#### [PROBLEM DESCRIPTION]
Nothing may be left out of the listing below but its images; repeat the rest exactly.

#### [EXERCISE DATA]
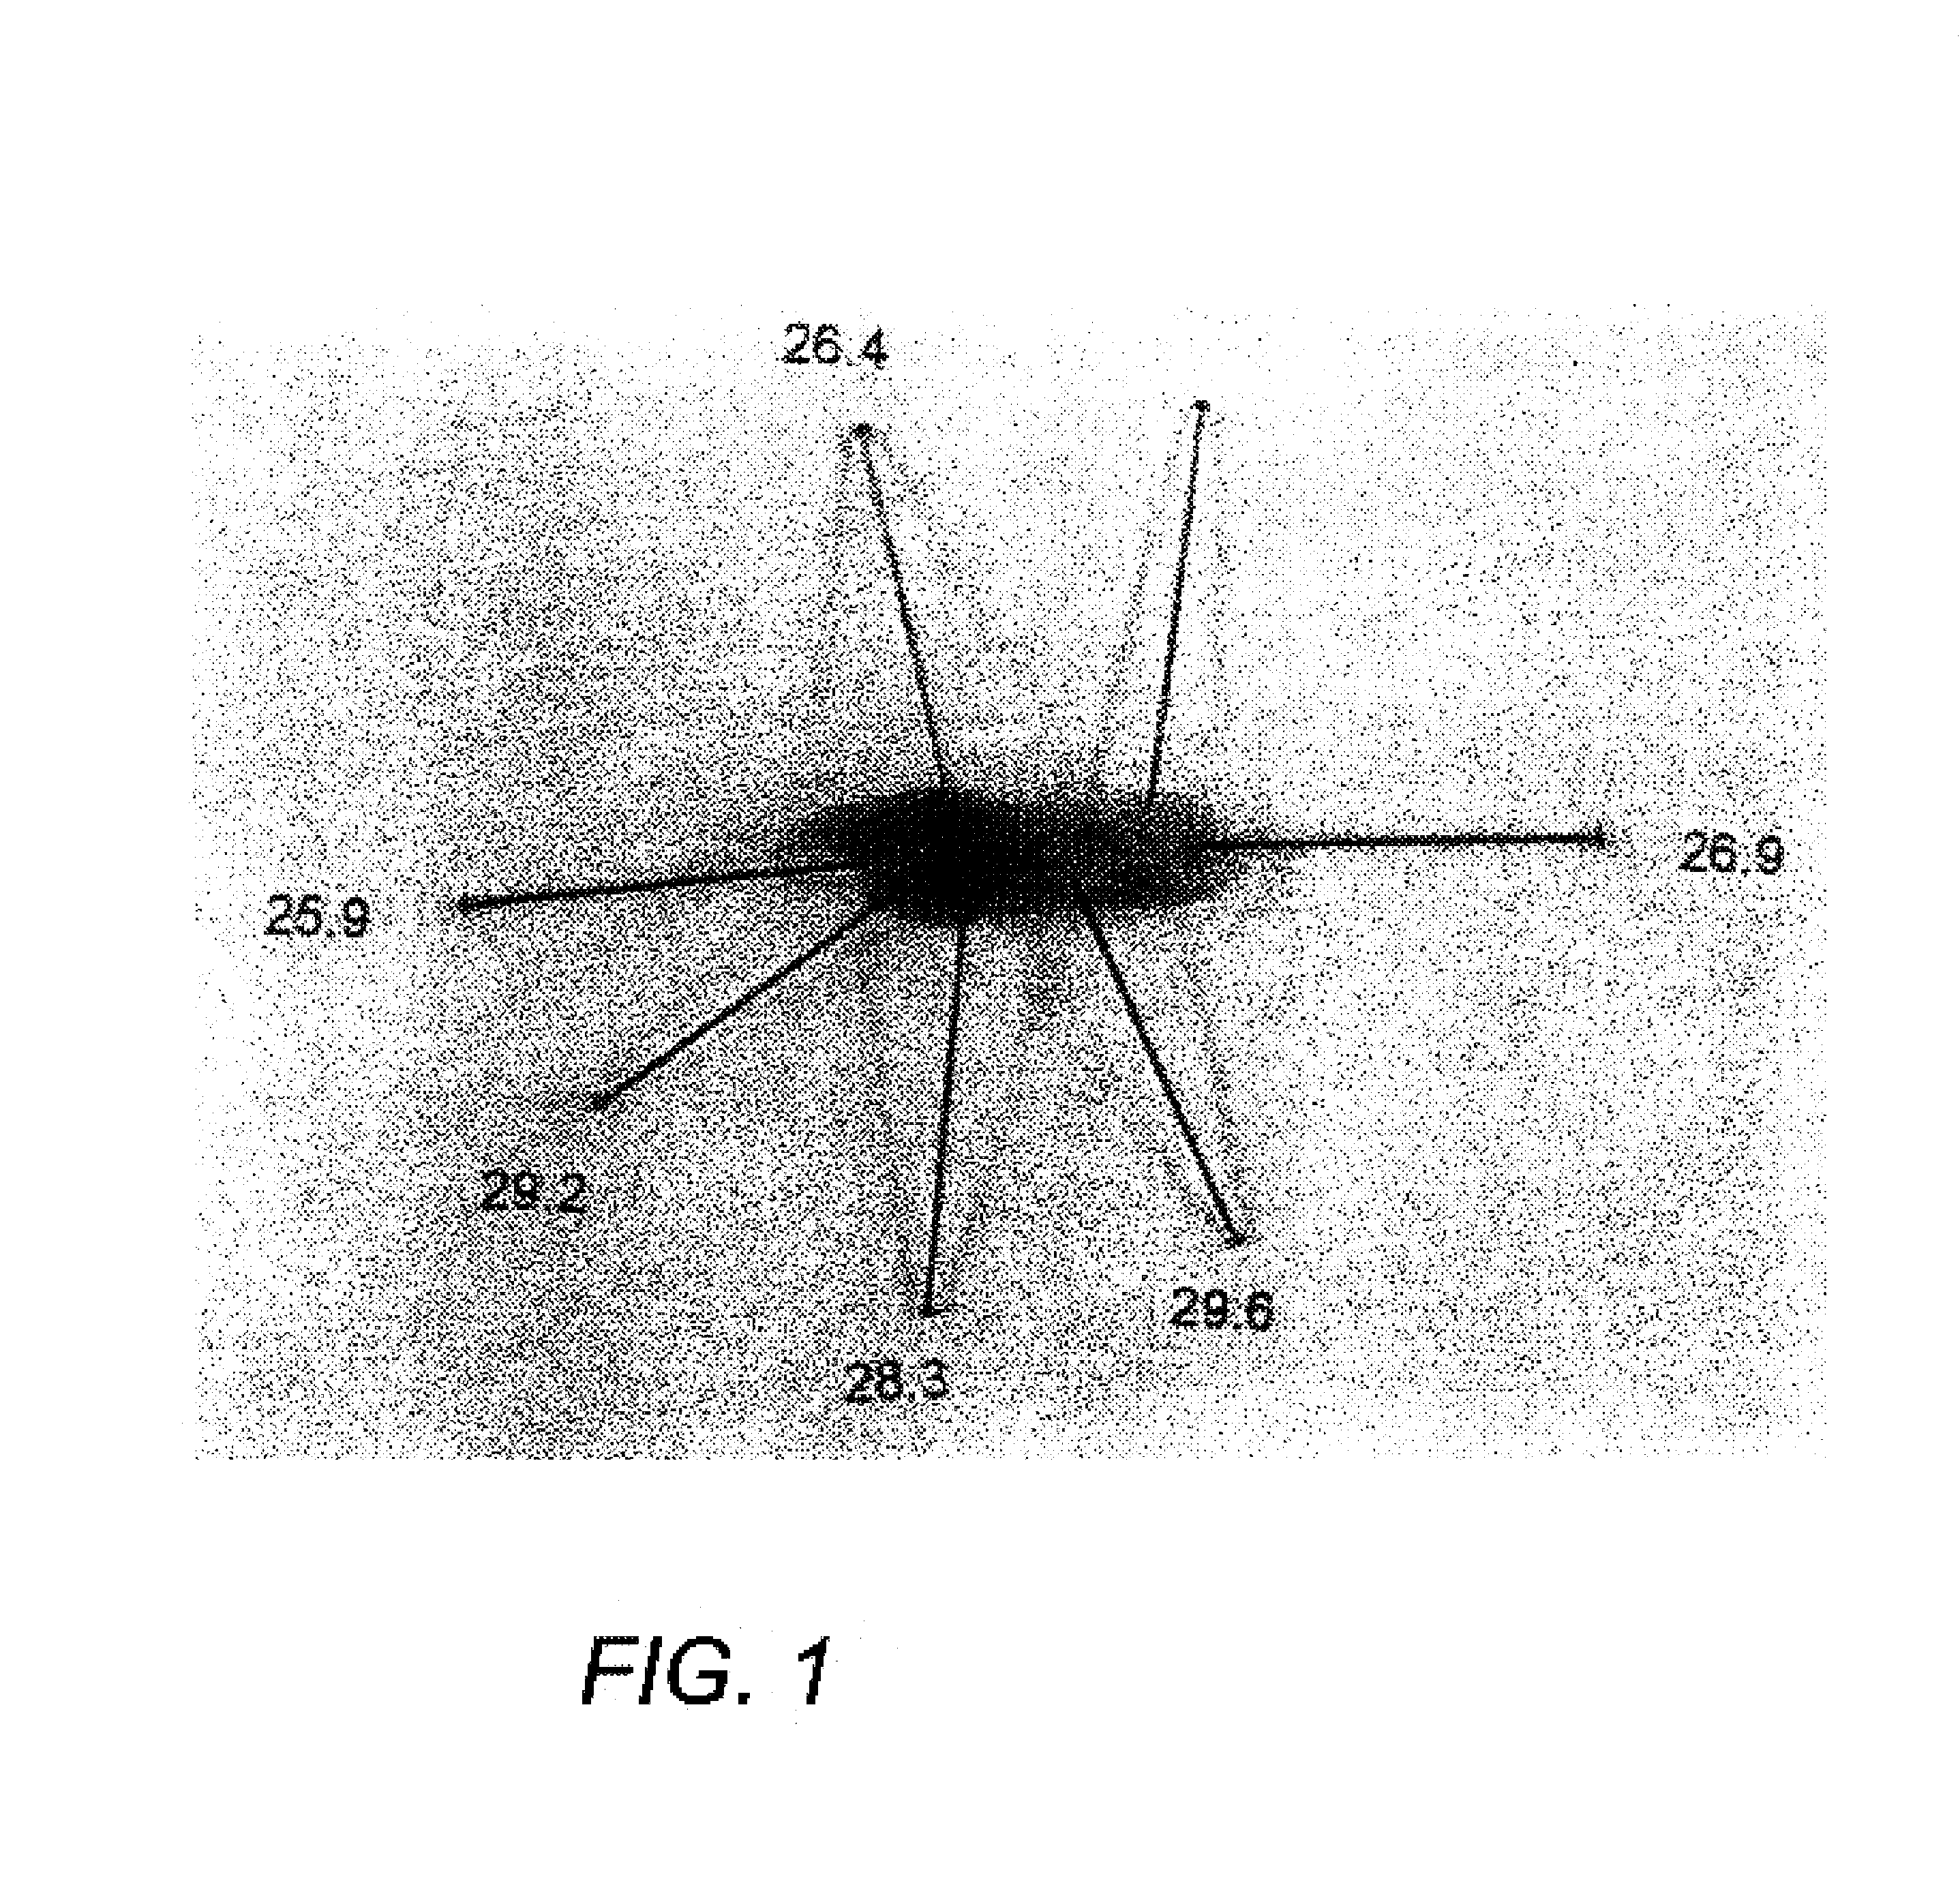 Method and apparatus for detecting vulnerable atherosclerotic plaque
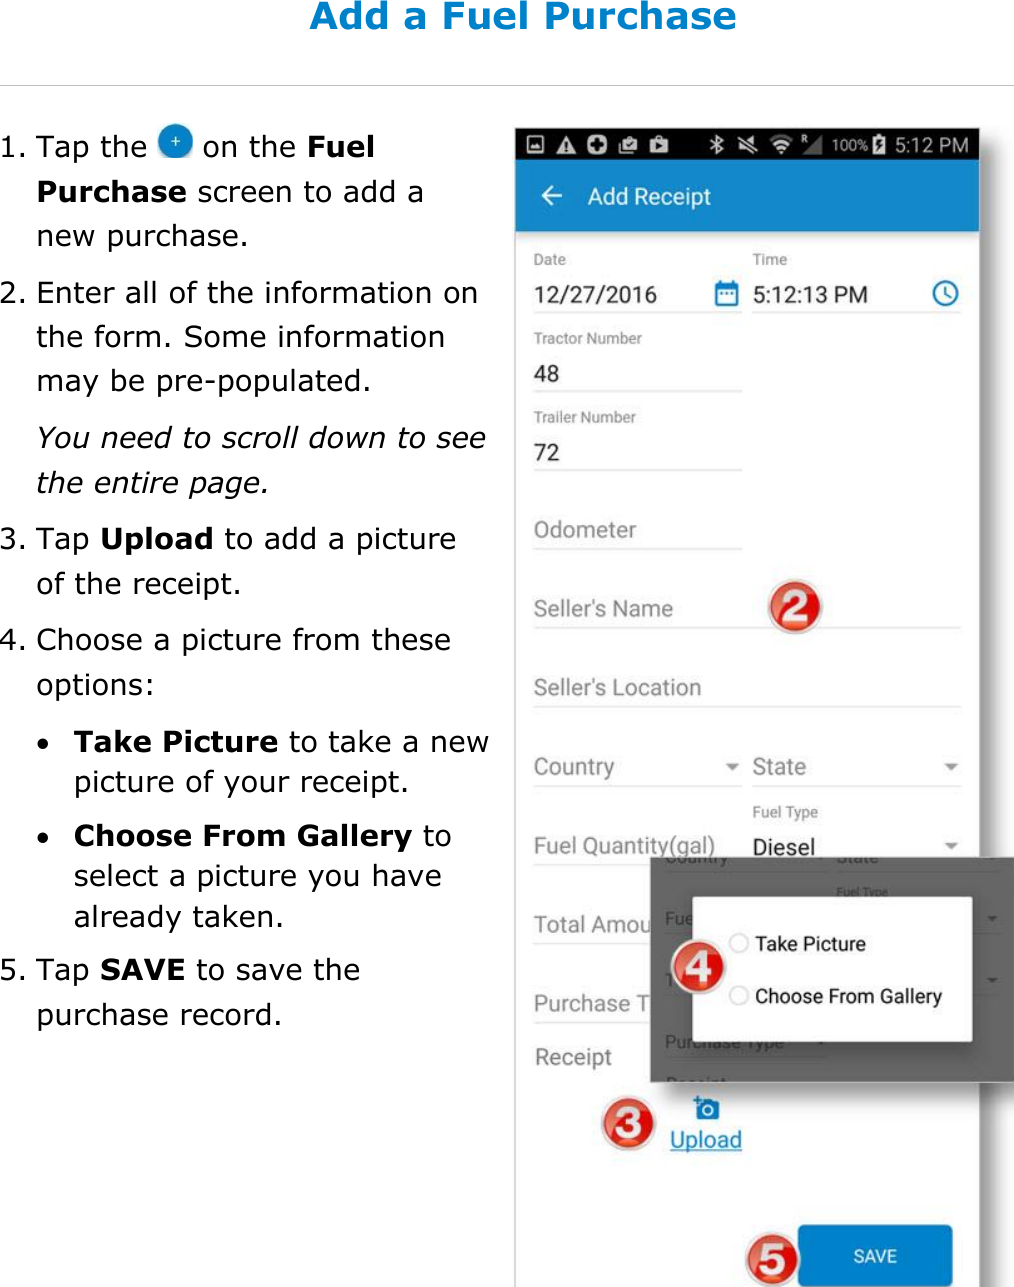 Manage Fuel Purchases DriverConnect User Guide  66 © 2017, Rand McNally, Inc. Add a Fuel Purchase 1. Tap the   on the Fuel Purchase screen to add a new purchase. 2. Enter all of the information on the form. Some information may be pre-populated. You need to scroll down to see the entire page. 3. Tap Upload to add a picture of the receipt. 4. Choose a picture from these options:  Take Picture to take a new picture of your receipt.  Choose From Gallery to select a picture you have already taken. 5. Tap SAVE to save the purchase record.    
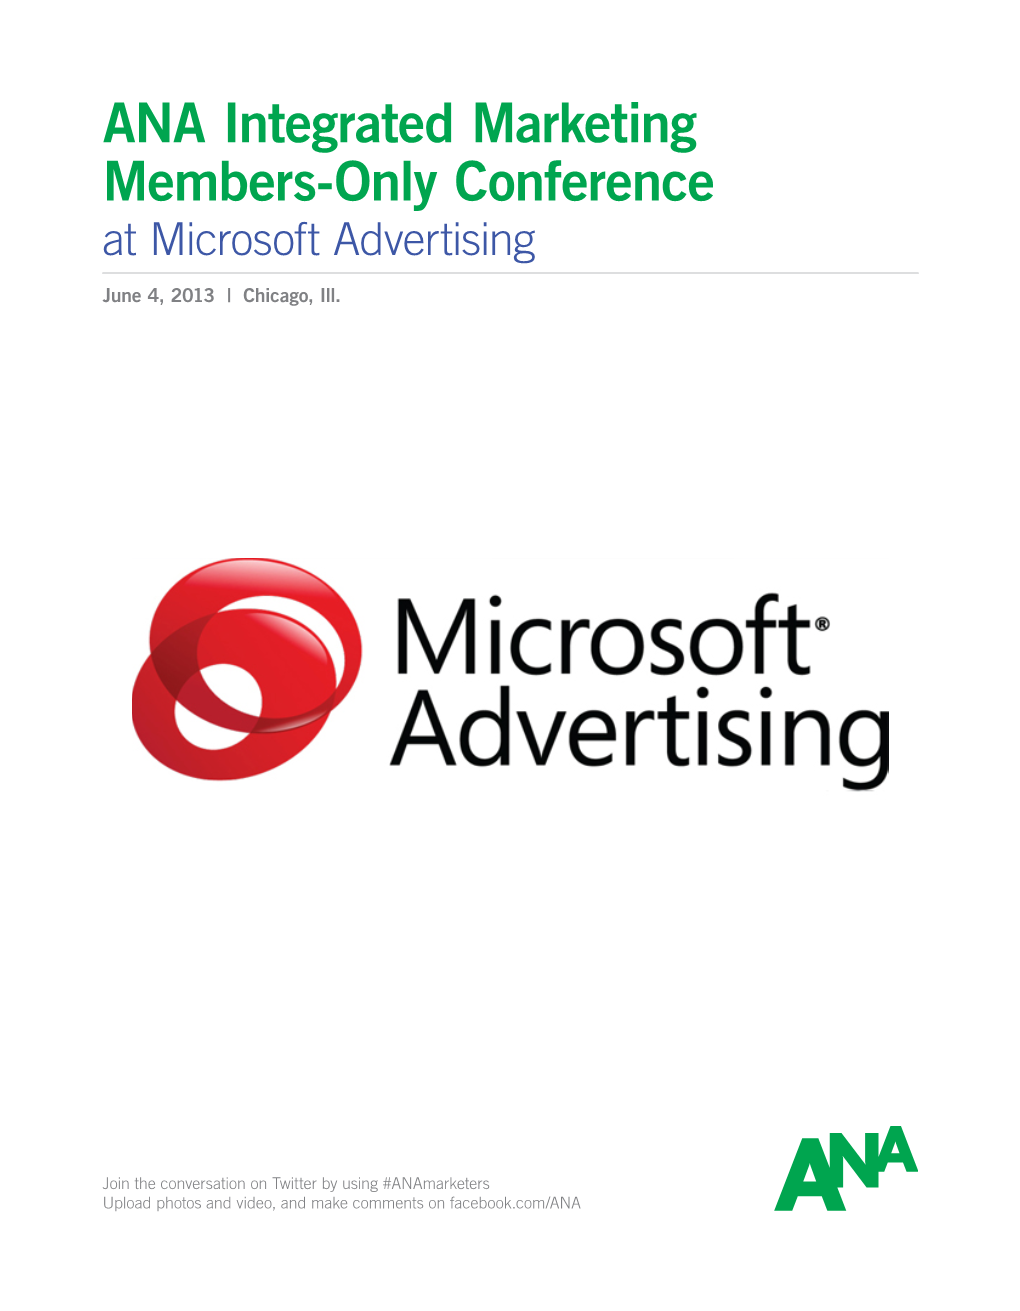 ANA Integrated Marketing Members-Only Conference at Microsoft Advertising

#### [SOLVED EXERCISE]
 Method and apparatus for detecting vulnerable atherosclerotic plaque
 Manage Fuel Purchases DriverConnect User Guide  66 © 2017, Rand McNally, Inc. Add a Fuel Purchase 1. Tap the   on the Fuel Purchase screen to add a new purchase. 2. Enter all of the information on the form. Some information may be pre-populated. You need to scroll down to see the entire page. 3. Tap Upload to add a picture of the receipt. 4. Choose a picture from these options:  Take Picture to take a new picture of your receipt.  Choose From Gallery to select a picture you have already taken. 5. Tap SAVE to save the purchase record.    
 ANA Integrated Marketing Members-Only Conference at Microsoft Advertising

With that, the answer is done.